Connection to price elasticity of demand
A profit-maximizing firm chooses output such that its Lerner Index equals the negative inverse of the price elasticity of demand it faces:
L = −1 / ε_d
Where ε_d is the price elasticity of demand (negative for normal goods). A firm facing elastic demand of ε_d = −5 has L = 0.2, meaning a 20 percent markup. A firm with inelastic demand of ε_d = −1.5 has L = 0.67, meaning a 67 percent markup. This is why monopolists serving inelastic demand (insulin, addictive substances, essential utilities) can charge extreme prices: customers cannot easily walk away.
The relationship works in both directions. If you observe a firm sustaining a high Lerner Index, you can infer that consumers in that market are not very price-sensitive. Conversely, a firm with low L is either in a competitive market or facing very elastic demand.
Typical values by industry
| Industry | Approximate Lerner Index |
|---|---|
| Grocery retail | 0.03 to 0.07 |
| Restaurants | 0.05 to 0.15 |
| Department stores | 0.10 to 0.20 |
| Airlines | 0.20 to 0.40 |
| Branded consumer goods | 0.30 to 0.50 |
| Pharmaceuticals (patent-protected) | 0.50 to 0.90 |
| Regulated utilities | 0.40 to 0.70 |
| Software with strong network effects | 0.60 to 0.95 |
Lerner Index near 1 corresponds to near-pure monopoly with inelastic demand. The pharmaceutical patent system deliberately grants this kind of pricing power for a limited time to incentivize R&D investment. After patent expiry, generic entry typically collapses L from above 0.5 to below 0.1 within a year, sometimes within months.
What L does not capture
The Lerner Index is a static measure of pricing power at a moment in time. It does not capture potential competition: a firm with L = 0.4 in a contestable market (where entry is cheap and quick) faces real pricing pressure from would-be entrants even without actual rivals. Microsoft Windows in the 1990s had a massive Lerner Index but eventually lost share to Apple, Linux, and mobile operating systems that did not yet exist when its L was measured.
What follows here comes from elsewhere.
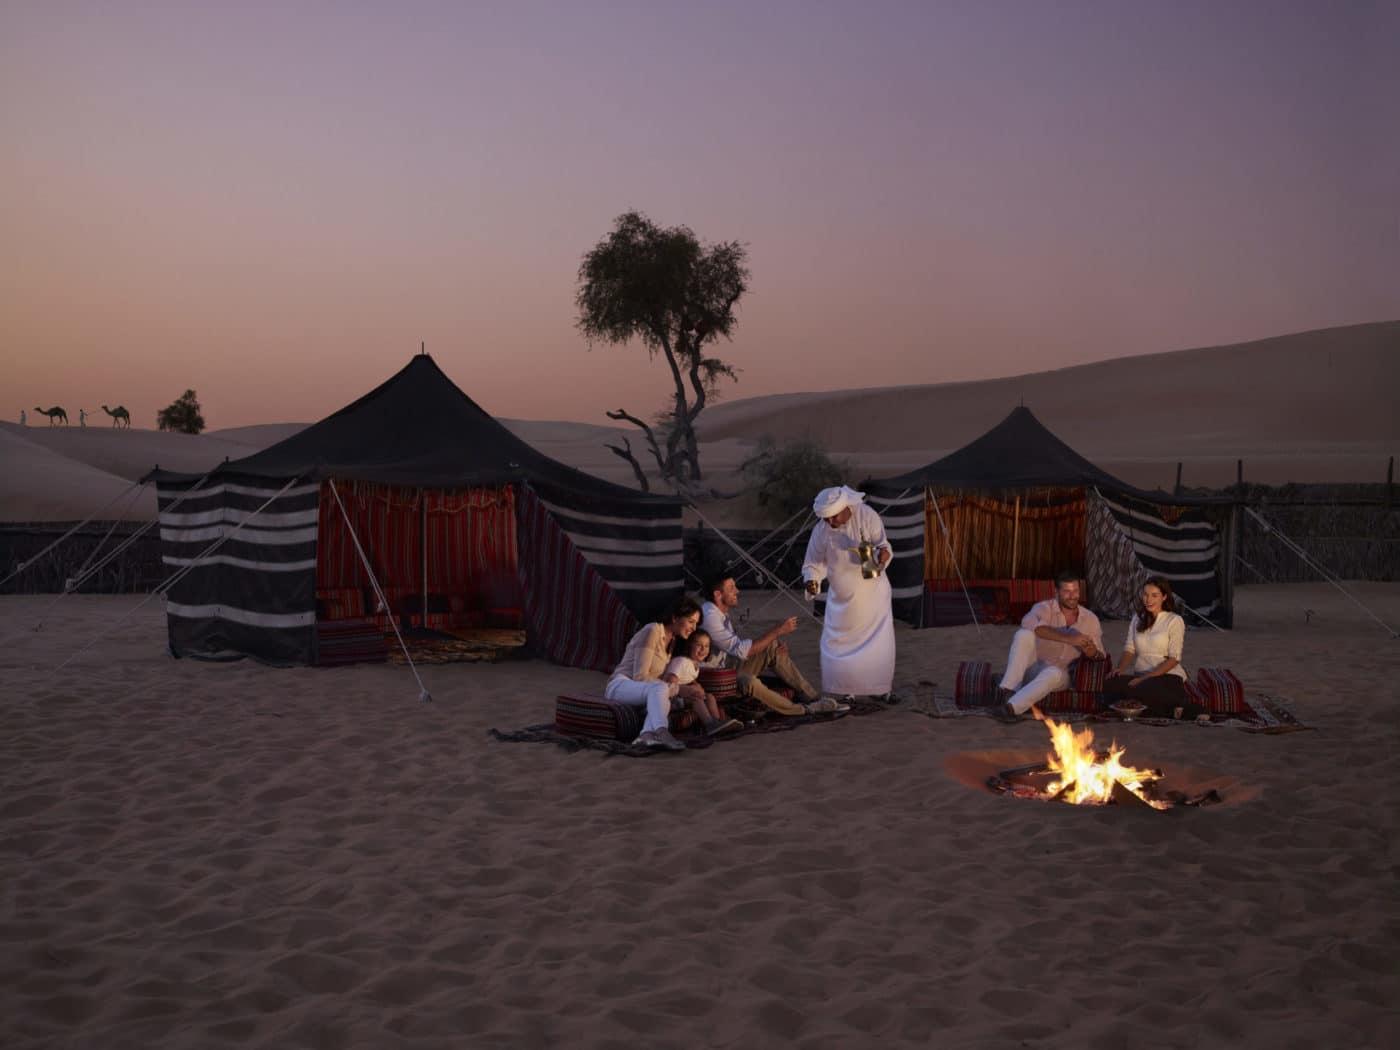 Abu Dhabi Travel in Style

It also conflates market power with product differentiation. A firm charging double the cost for a genuinely better product earns its markup through value creation, not market manipulation. The Lerner Index treats both the same way. A premium coffee shop charging $5 for a coffee with MC of $1 has the same L = 0.8 as a monopoly drug company. Whether that markup is “fair” depends on context the index cannot see.
Finally, MC is not directly observable. Accountants report average cost, not marginal cost. Industry studies infer marginal cost from production functions or comparable firms, so reported Lerner Indices are estimates rather than exact measurements.
Antitrust use
US antitrust enforcement does not use the Lerner Index alone. The Department of Justice and Federal Trade Commission combine it with market concentration measures (Herfindahl-Hirschman Index), pricing dynamics, evidence of barriers to entry, and observed conduct. But the Lerner Index does appear in merger reviews: if two firms with combined L of 0.5 propose to merge into a single firm with projected L of 0.8, that is strong evidence of competitive harm.
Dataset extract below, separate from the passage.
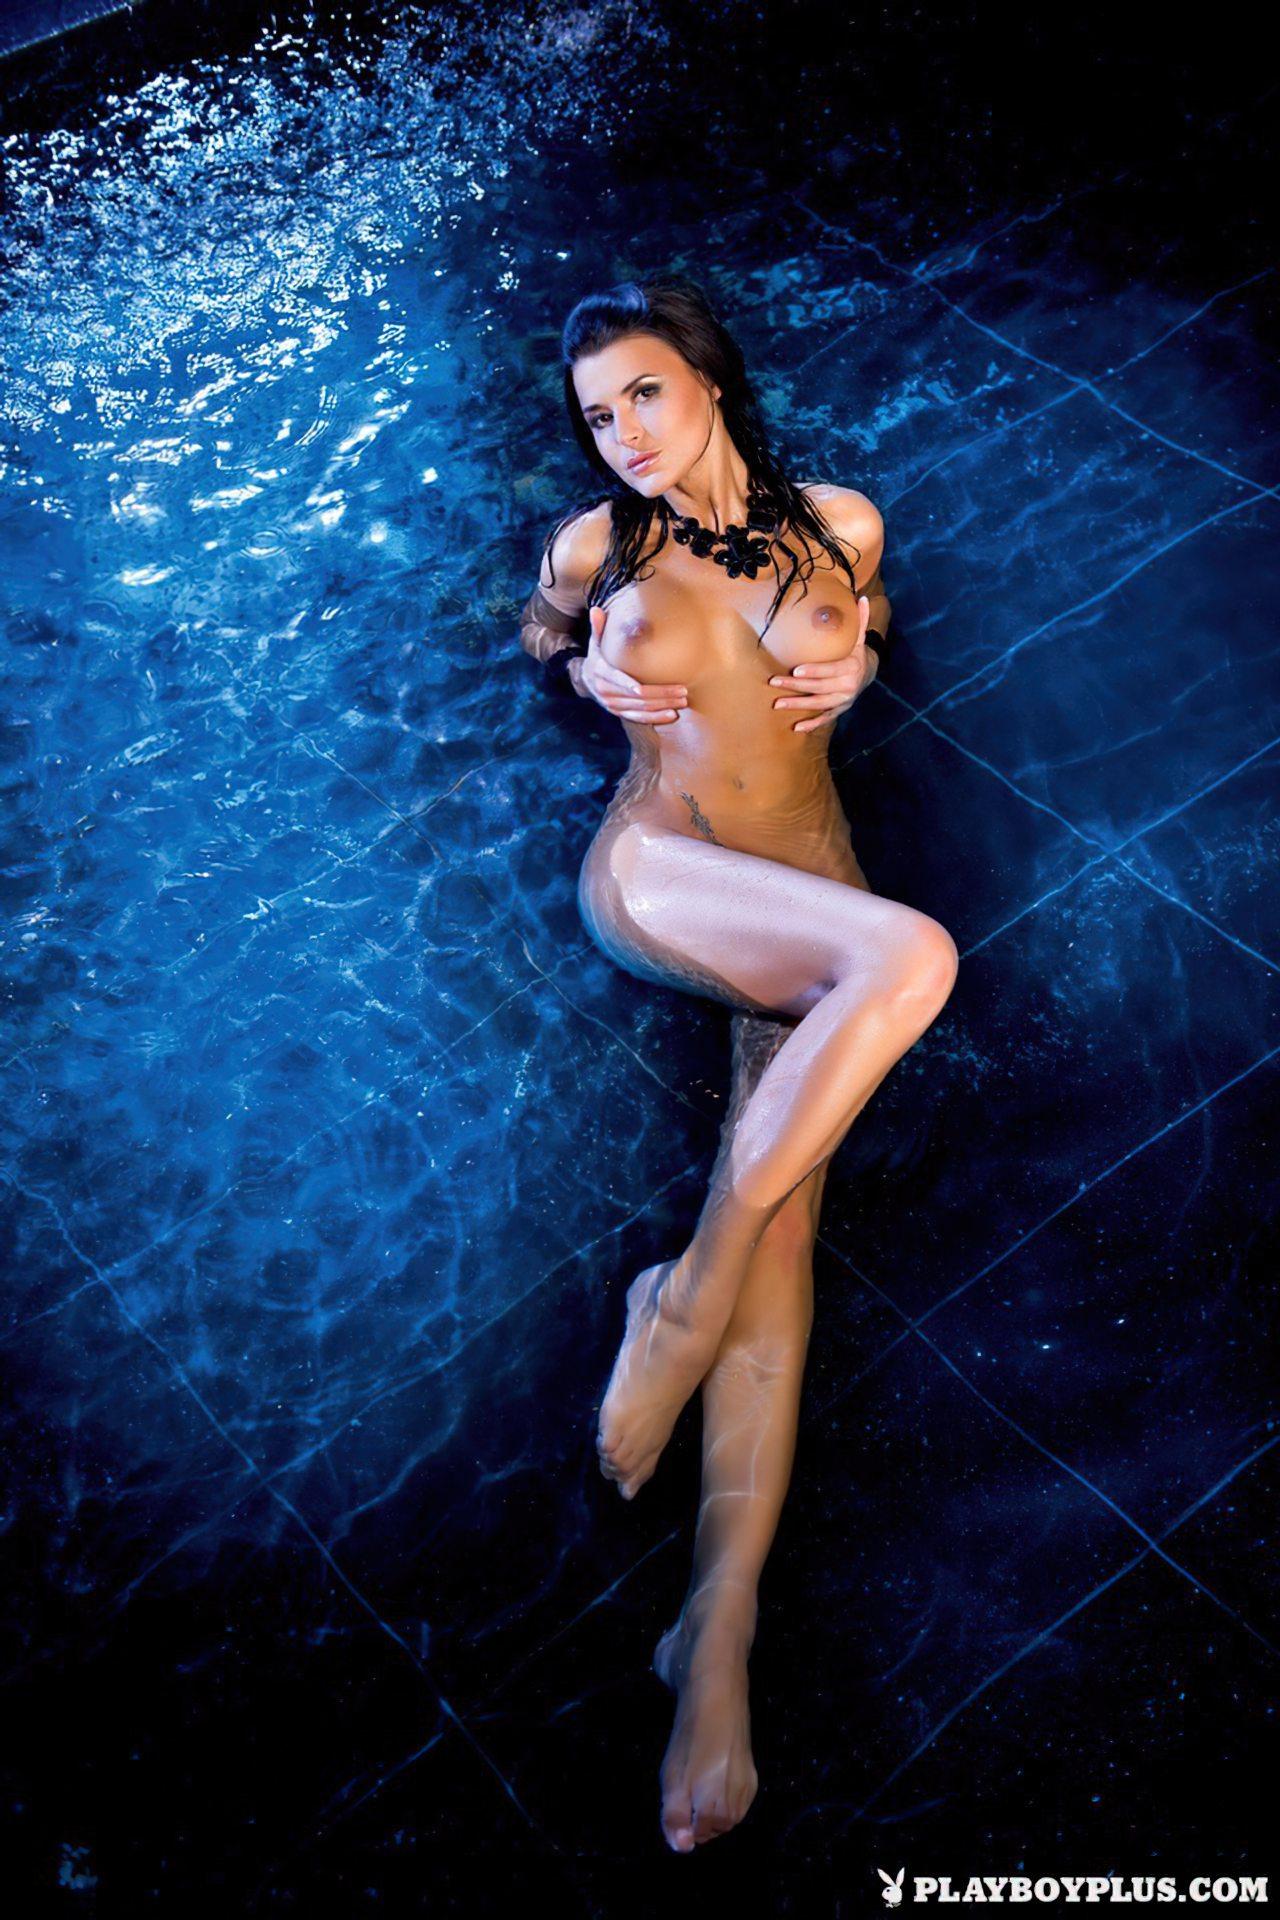 Oxana Bondarenko Playboy (1)

International regulators (EU Competition Authority, UK Competition and Markets Authority, Japan Fair Trade Commission) use similar multi-factor approaches. Lerner Index is one input among several, not a sufficient test on its own.
Quick interpretation
| L value | Market structure | Pricing power |
|---|---|---|
| 0.00 to 0.05 | Perfect or near-perfect competition | Negligible |
| 0.05 to 0.15 | Monopolistic competition | Modest |
| 0.15 to 0.40 | Oligopoly or differentiated competition | Moderate |
| 0.40 to 0.70 | Strong market power | Substantial |
| 0.70 to 1.00 | Near-monopoly | Dominant |
A Lerner Index of 0.3 means the firm captures 30 percent of its price as markup above marginal cost. Equivalently, the consumer pays 30 percent above the cost of producing the last unit they bought. Over the lifetime of a typical purchase, that markup adds up to substantial transfer from buyer to seller.